When we gatekeep which families are legitimate, we are not putting in the work. We are quietly excusing ourselves from doing the real work, at the expense of the children who don’t fit our narrative.
So let us talk about the actual work.
Someone once said that human beings are just plants with complicated emotions. If you have ever tried to keep a plant alive, you will understand.
Child poverty is multidimensional; it goes beyond a shortage of money. We must also address access and build systems and structures that prevent children from being deprived in the first place.
If we are serious about sustainable care reform, there are no shortcuts around poverty. State and non-state agencies (looking at you, development partners) must prioritize mitigating poverty through:
- School meal programmes;
- Education support;
- Cash assistance and social security;
- Childcare services;
- Affordable housing for parents and caregivers;
- Psychosocial support;
- Legal recognition;
- Security…and the list goes on…because you’re a parent now.
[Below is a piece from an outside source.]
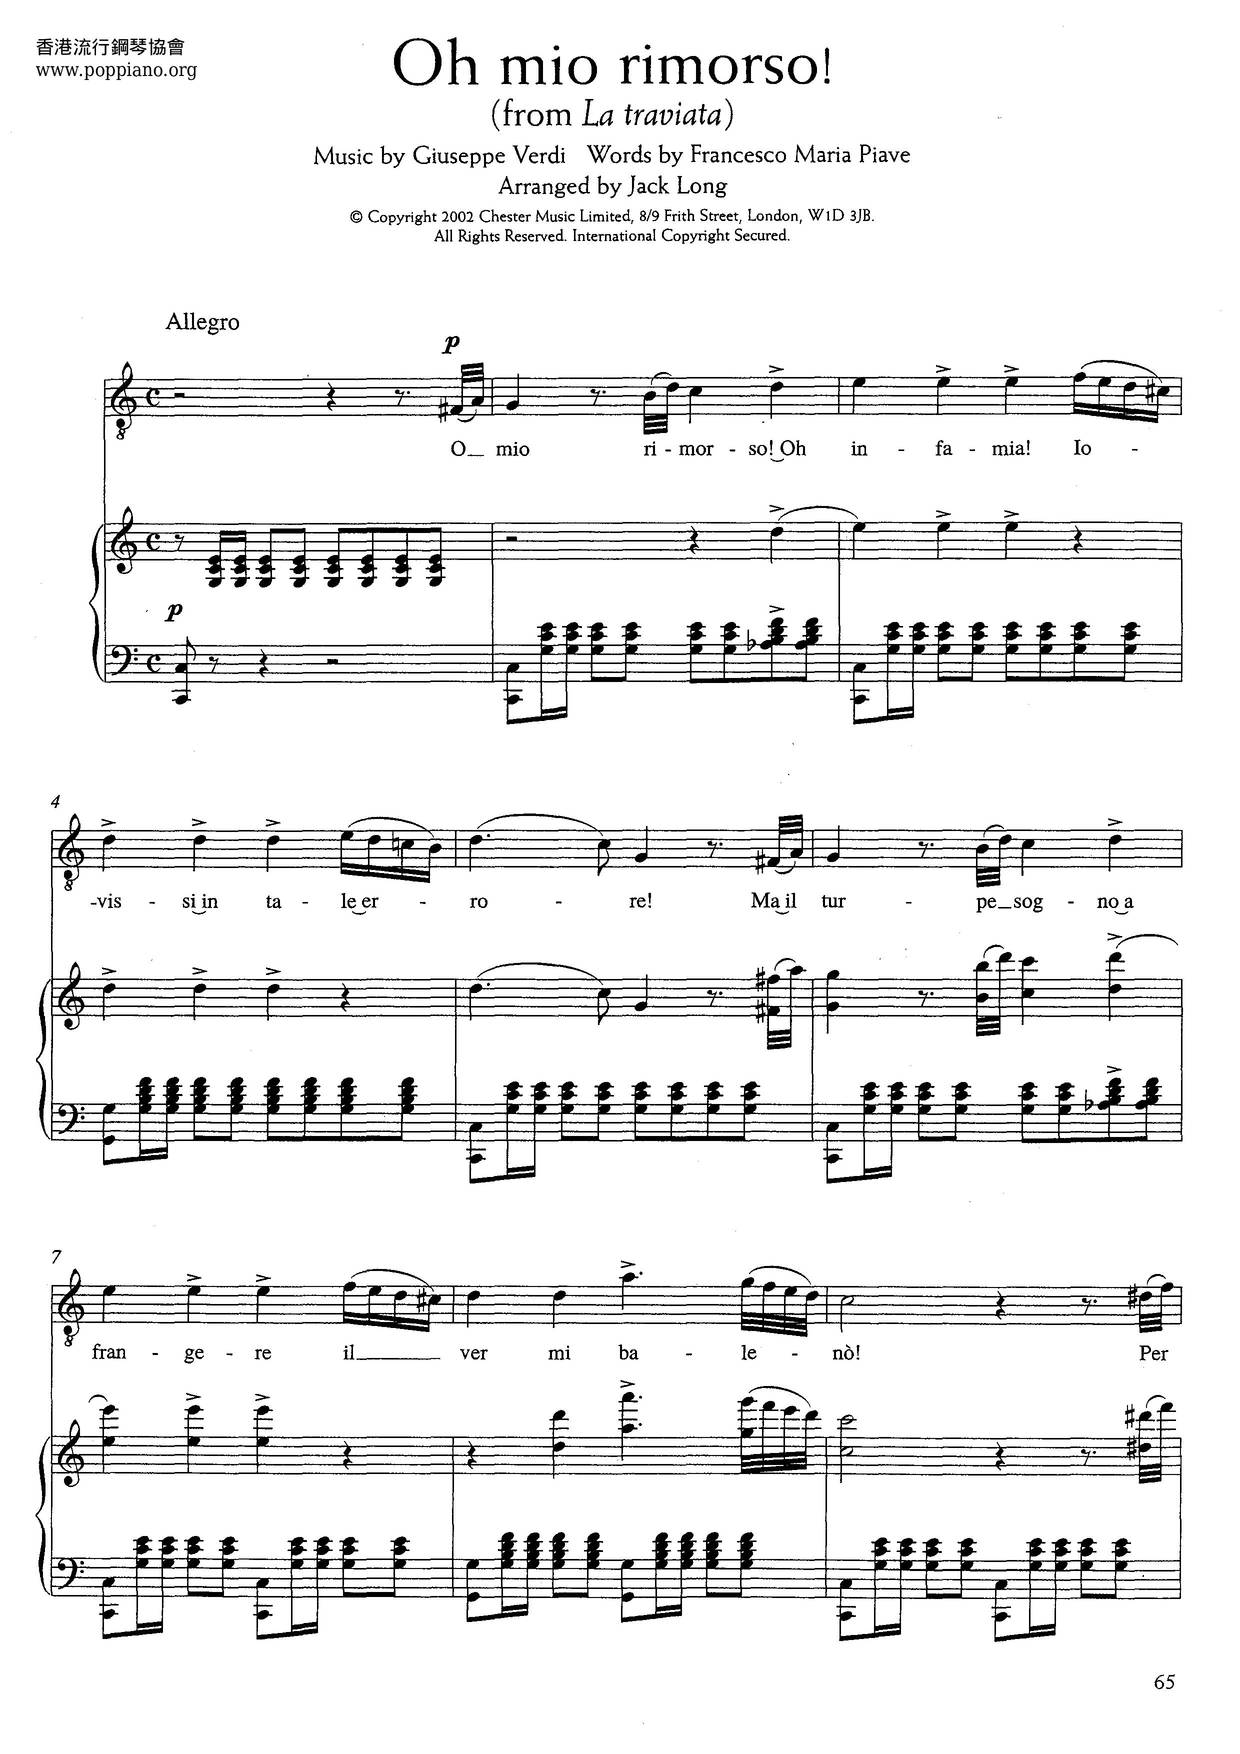 Oh Mio Rimorso! From La Traviata (Verdi) Score

But the interventions need to go beyond “throwing money at our problems” or giving the “shoulda, woulda, coulda” speech to parents and caregivers trapped by systematic socio-economic failures. The intersection between childcare and poverty must be interrogated and addressed holistically.
The history of CCIs in Kenya shows the damage one-dimensional approaches can do: Wandering child? Place them in a shelter and figure it out later. That was, and in too many places still is, the model. Grace and good vibes.
I believe one of the many pathways to reducing poverty in the context of childcare is to treat it as we would treat children in our own homes: with no shortcuts. We simply put in the work, the time, and the money—because: Every child, in every family is worthy of investment.
The author is a gender justice expert.